YOUR INSTRUCTIONS>
The reply should consist of one number, the count of lines below in which the word "Rose" appears.

[Stored records]
****************************************

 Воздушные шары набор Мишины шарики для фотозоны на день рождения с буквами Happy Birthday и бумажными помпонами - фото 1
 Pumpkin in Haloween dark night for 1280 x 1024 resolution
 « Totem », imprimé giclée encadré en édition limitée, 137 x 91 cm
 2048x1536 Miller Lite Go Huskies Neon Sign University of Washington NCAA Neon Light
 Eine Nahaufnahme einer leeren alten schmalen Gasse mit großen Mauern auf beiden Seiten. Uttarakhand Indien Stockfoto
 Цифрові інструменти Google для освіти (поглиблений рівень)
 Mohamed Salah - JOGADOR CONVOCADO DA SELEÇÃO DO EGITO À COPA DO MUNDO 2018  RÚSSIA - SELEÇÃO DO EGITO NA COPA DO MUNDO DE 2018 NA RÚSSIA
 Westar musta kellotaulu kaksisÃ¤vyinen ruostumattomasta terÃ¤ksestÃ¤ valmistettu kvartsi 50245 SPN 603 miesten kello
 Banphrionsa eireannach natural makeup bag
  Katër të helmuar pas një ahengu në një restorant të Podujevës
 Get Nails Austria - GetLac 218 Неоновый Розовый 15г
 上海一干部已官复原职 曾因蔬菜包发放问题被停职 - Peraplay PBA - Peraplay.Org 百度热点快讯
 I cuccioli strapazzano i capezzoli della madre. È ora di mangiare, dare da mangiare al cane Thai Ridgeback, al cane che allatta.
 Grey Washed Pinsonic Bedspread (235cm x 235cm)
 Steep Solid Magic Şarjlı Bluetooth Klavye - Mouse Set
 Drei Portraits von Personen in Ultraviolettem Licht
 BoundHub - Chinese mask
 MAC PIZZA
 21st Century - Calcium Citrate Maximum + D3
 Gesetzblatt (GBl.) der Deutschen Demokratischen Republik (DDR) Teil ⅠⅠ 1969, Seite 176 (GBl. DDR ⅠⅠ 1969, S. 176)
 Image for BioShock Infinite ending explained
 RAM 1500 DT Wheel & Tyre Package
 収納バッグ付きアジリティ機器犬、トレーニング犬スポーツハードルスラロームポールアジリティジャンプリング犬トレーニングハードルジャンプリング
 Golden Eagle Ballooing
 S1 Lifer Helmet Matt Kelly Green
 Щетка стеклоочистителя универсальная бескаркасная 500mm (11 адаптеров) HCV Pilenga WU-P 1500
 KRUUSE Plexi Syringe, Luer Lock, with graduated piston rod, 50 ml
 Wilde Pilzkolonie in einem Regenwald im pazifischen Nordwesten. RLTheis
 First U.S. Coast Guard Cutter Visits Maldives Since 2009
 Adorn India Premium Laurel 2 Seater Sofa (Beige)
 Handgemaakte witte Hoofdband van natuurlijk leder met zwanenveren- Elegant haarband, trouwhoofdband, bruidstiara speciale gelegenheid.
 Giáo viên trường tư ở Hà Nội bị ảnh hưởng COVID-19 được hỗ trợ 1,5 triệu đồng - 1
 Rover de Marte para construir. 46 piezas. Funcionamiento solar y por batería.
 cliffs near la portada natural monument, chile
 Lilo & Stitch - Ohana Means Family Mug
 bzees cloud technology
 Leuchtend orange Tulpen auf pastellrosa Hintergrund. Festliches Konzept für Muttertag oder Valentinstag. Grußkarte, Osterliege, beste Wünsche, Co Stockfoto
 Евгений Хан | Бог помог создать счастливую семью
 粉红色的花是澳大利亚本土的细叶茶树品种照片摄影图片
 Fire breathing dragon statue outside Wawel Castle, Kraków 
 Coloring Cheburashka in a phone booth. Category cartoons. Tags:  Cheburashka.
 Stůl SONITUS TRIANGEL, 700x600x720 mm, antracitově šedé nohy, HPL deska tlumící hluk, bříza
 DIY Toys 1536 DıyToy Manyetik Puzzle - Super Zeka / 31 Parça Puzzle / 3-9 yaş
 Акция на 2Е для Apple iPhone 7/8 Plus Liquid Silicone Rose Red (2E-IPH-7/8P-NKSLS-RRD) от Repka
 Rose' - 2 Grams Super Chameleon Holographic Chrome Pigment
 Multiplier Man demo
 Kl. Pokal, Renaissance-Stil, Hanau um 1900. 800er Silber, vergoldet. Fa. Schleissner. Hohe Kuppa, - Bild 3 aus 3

****************************************

ANSWER>
2